╭─ Supplied material
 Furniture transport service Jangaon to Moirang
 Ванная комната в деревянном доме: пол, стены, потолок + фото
╰─
╭─ Supplied material
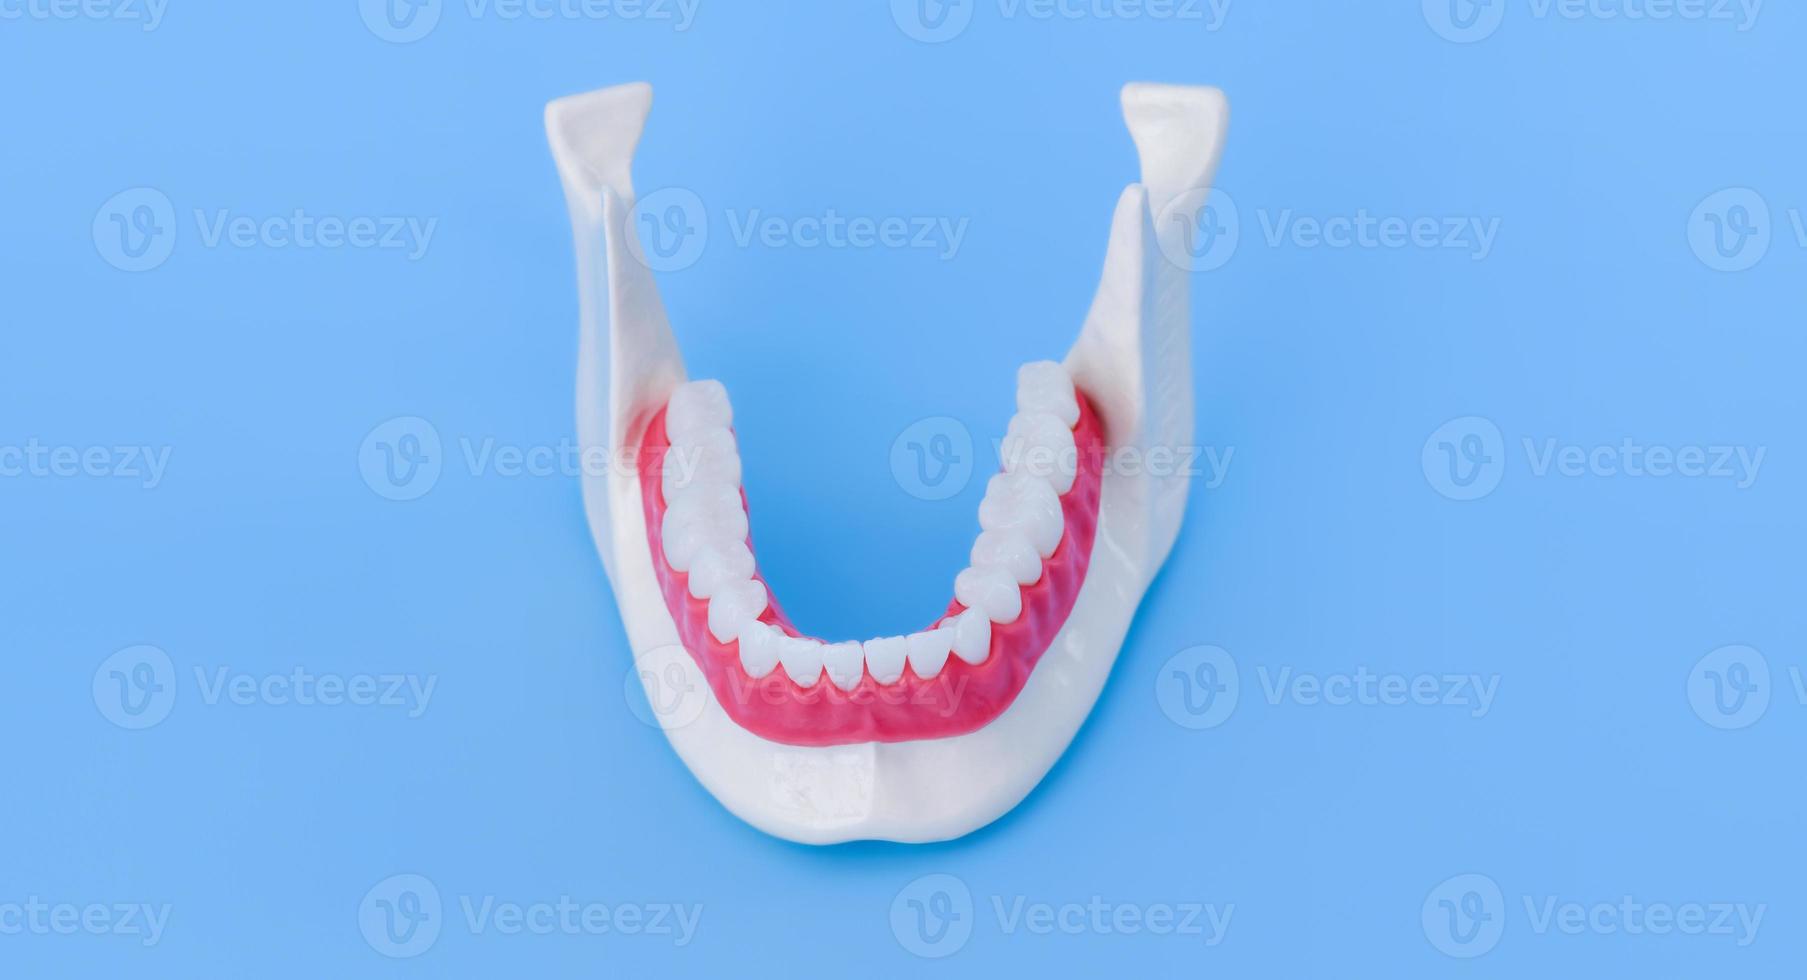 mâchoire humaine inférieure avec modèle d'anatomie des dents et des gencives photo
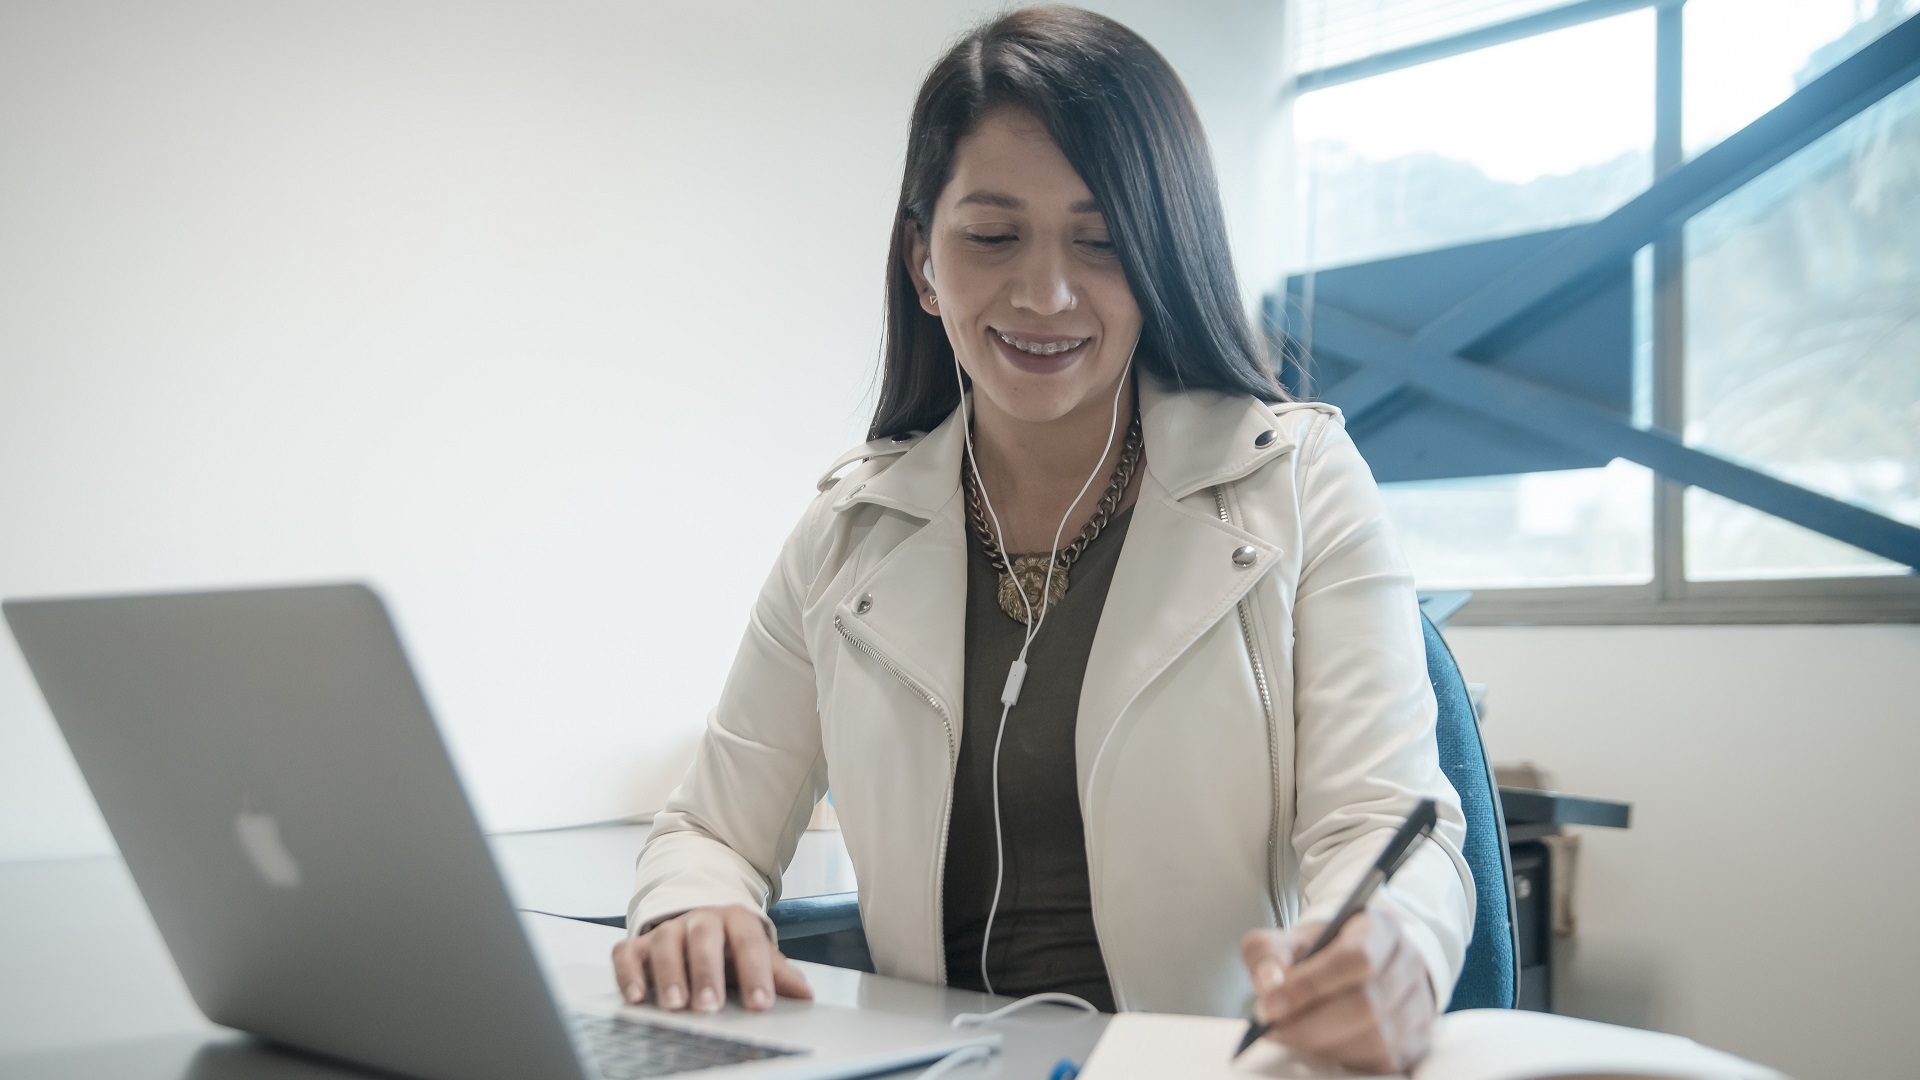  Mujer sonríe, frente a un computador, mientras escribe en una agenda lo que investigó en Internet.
╰─
╭─ Supplied material
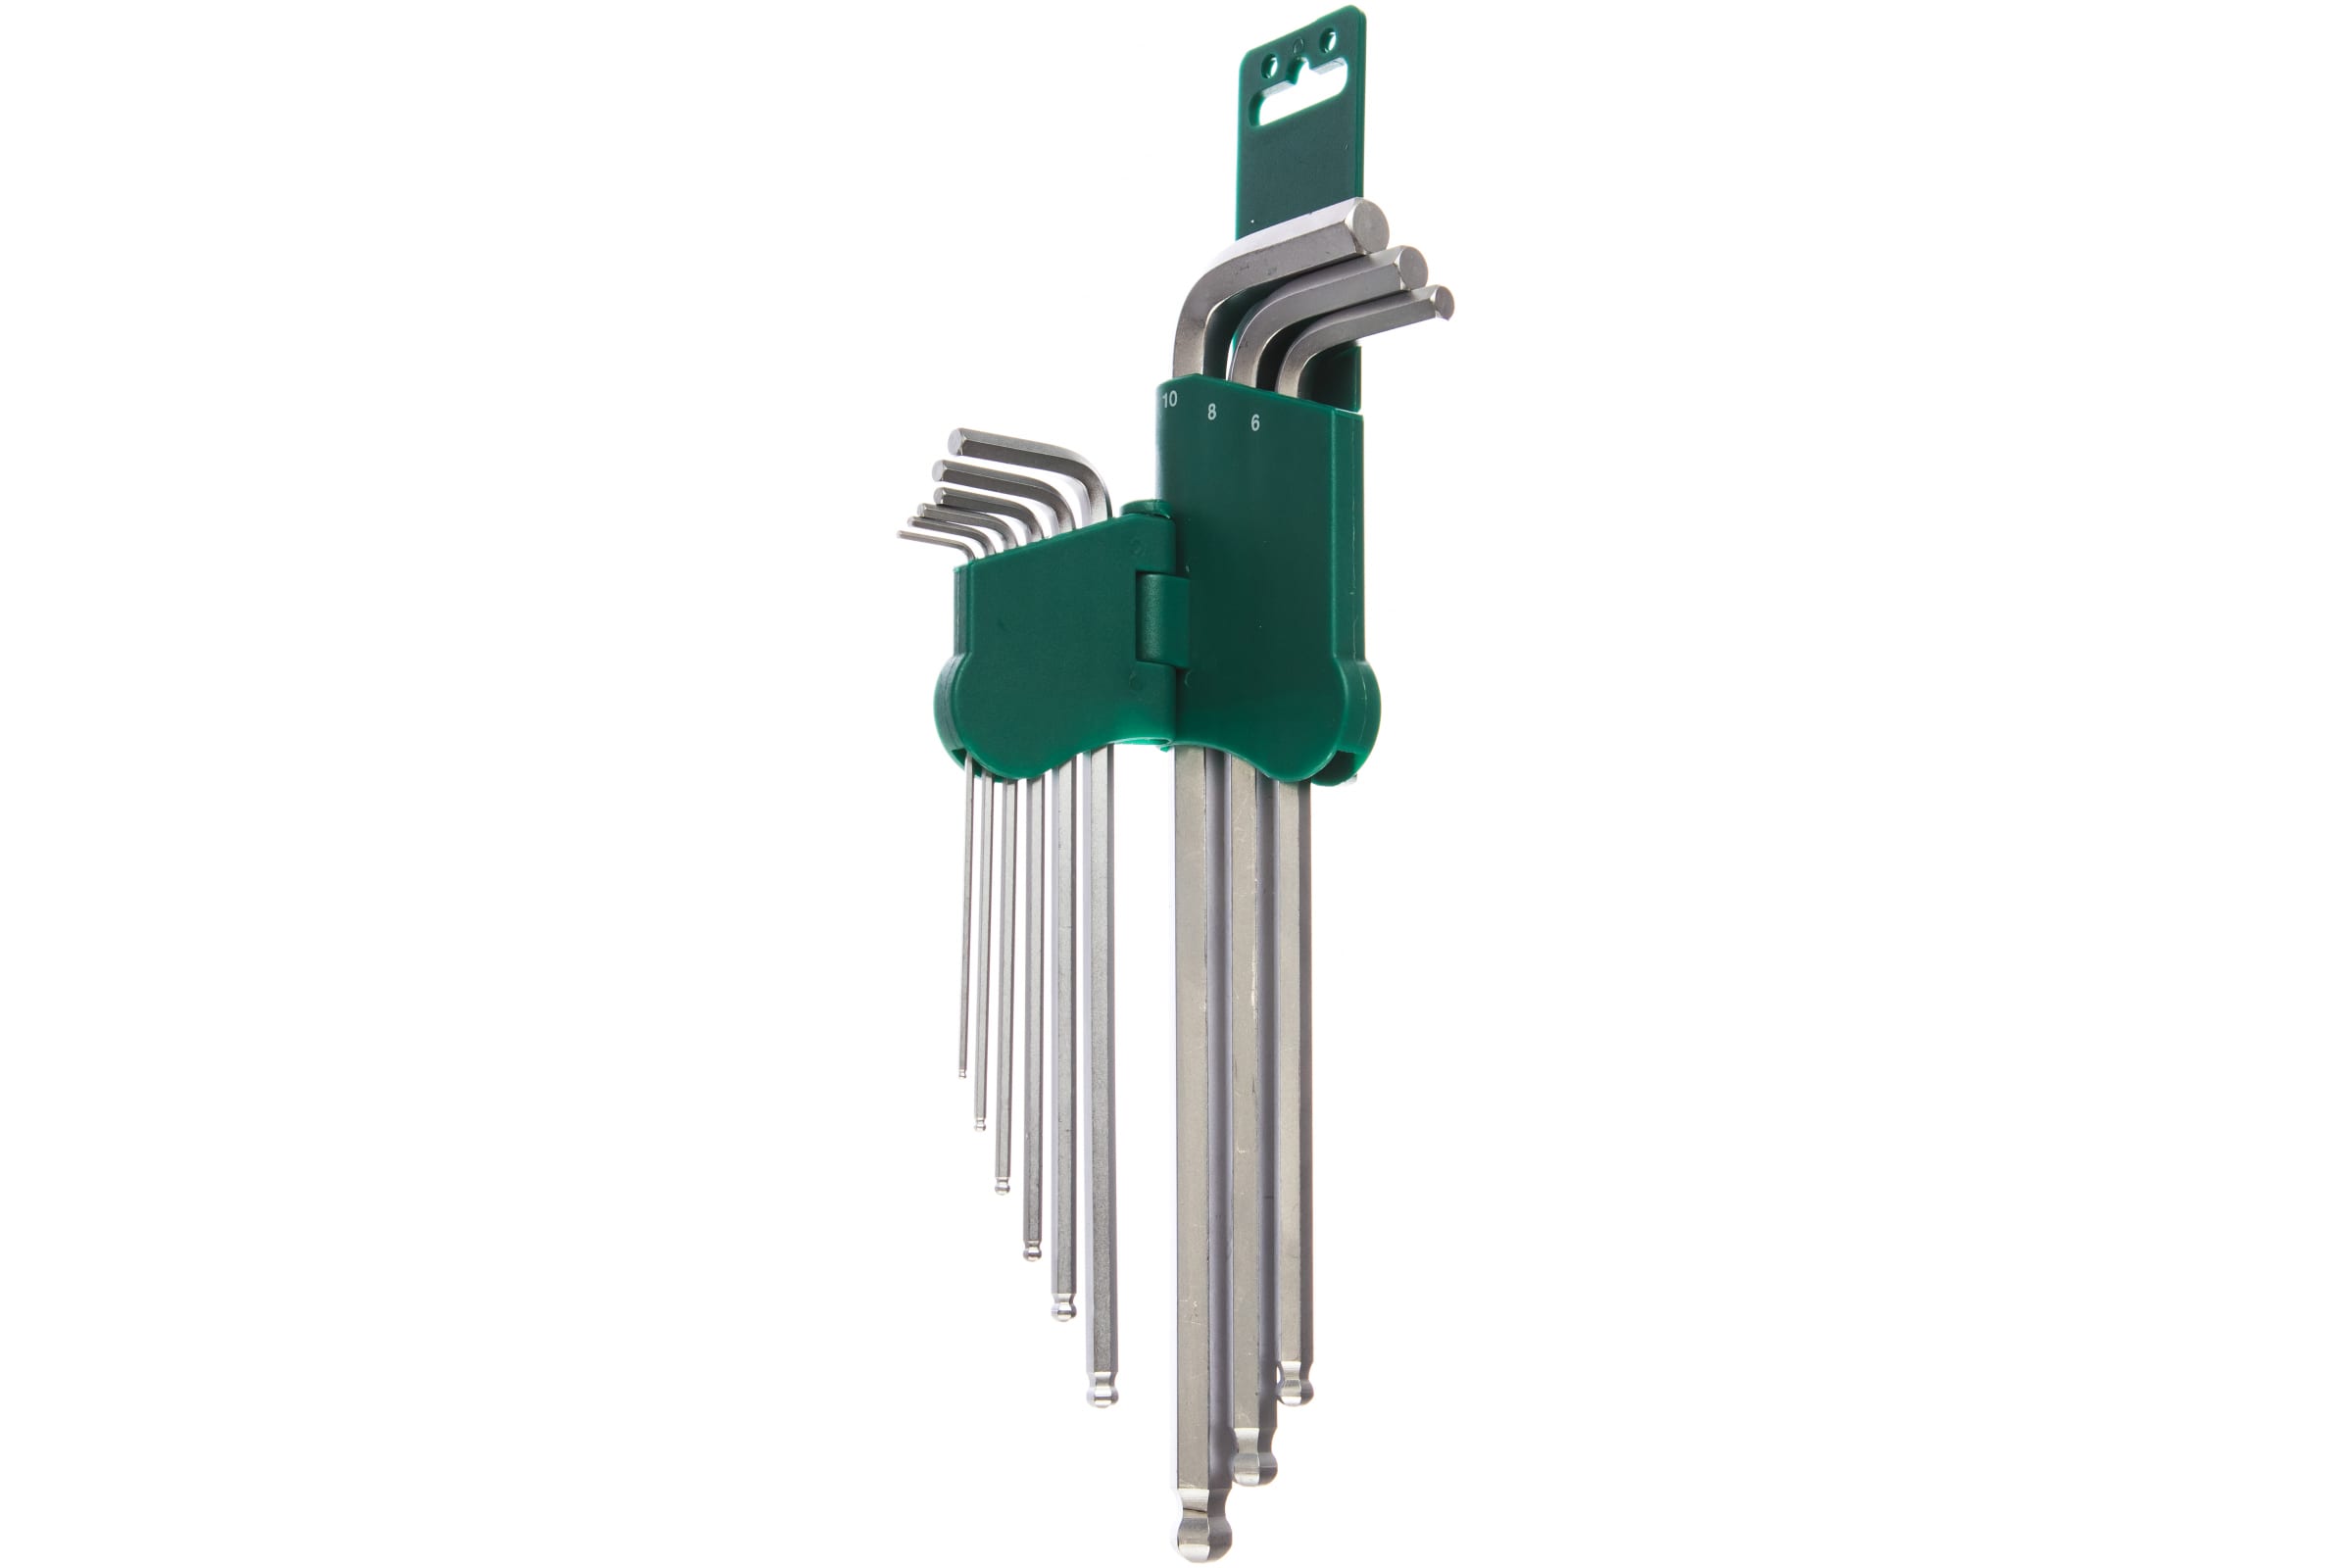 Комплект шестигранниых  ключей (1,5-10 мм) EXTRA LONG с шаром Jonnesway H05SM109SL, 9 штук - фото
╰─
▸ **What you have to do**:
What is needed is an exact copy of only the lines above from the one with "mâchoire humaine inférieure" to the one with "Mujer sonríe, frente", both kept, with every picture left out.

▸ **Response below**:
 mâchoire humaine inférieure avec modèle d'anatomie des dents et des gencives photo
  Mujer sonríe, frente a un computador, mientras escribe en una agenda lo que investigó en Internet.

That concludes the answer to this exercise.